The company did have a regulatory win earlier this year, gaining FDA approval for Tryvio in March. At the time, Idorsia said it was the first oral anti-hypertensive therapy that works via a new therapeutic pathway to be approved in almost 40 years. Just eight months later, the company has entered into exclusive negotiations to sell global rights to the drug. The talks—with an undisclosed party —will see Idorsia receive an exclusivity fee of $35m, extending the company’s cash runway into 2025. An upfront payment, additional milestone payments, and tiered royalties on sales are also on the cards depending on the final deal reached.
Idorsia’s CEO André C Muller said: “We are targeting signing before the end of 2024 and closing in early 2025, more details will be shared should a final agreement be signed.”
Idorsia’s latest restructuring plan also focuses on curbing research & development (R&D) activity, with the approximately 270 at-risk positions “mainly” in this department, as well as support functions at headquarters. The company added it would minimise the number of potential redundancies such as allowing some employees to transfer along with Tryvio to the buying party.
“I am confident that our plan is achievable within the next few months, and that will allow us to shift our focus back to our products,” Muller added.

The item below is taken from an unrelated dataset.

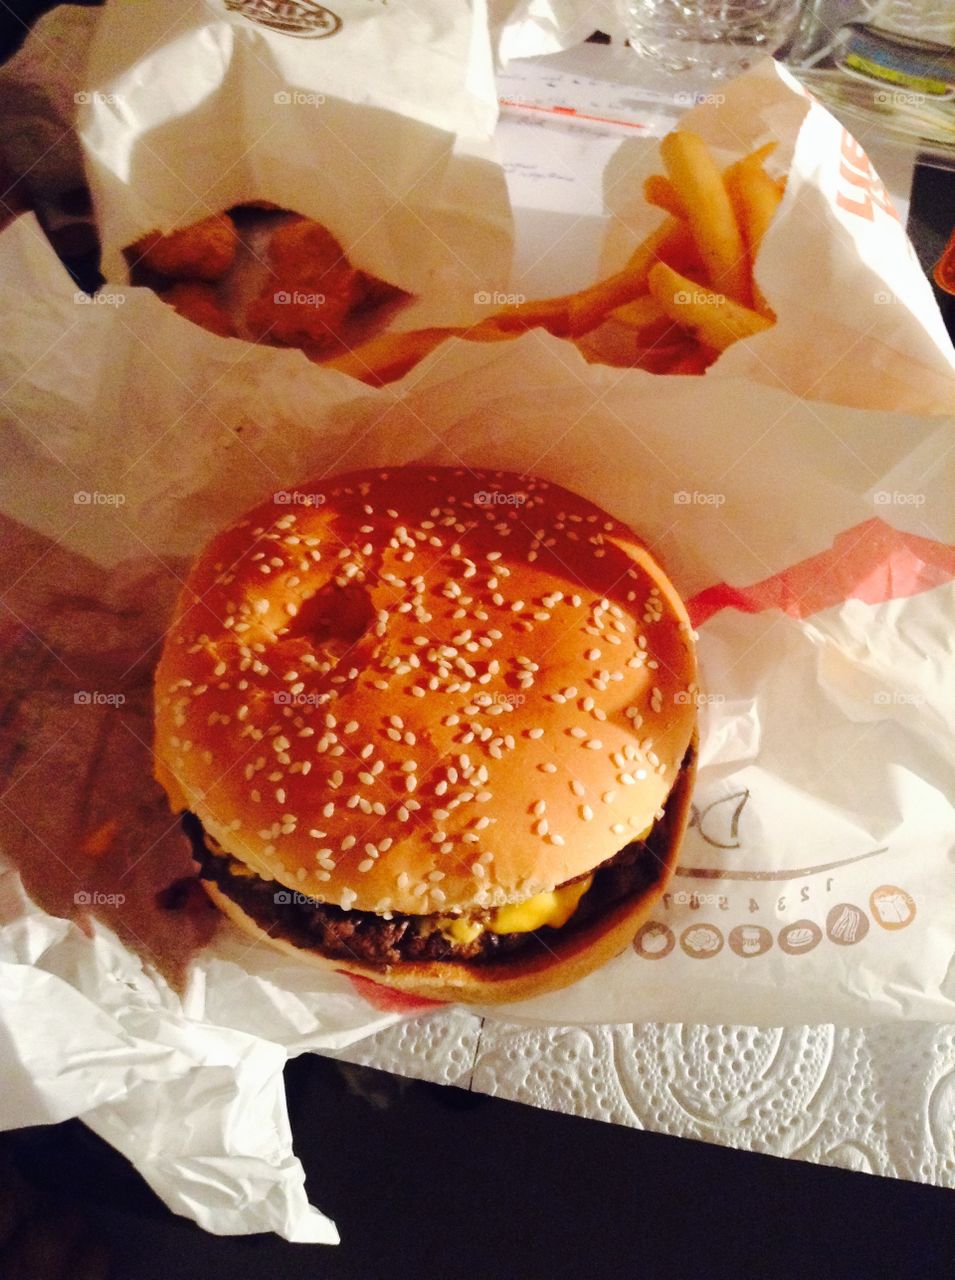 Burger from Burger King

The current restructuring is just the latest in a long line of business changes made by Idorsia to stabilise financial performance. The company cut around 475 positions at its headquarters in Switzerland in July 2023, again mainly coming from the R&D department. In the same month, the company sold its operating businesses in the Asia-Pacific region to Sosei Heptares, now known as Nxera Pharm, for $453.4m. Then in February this year, the company sold global rights for two Phase III candidates to Viatris for $350m.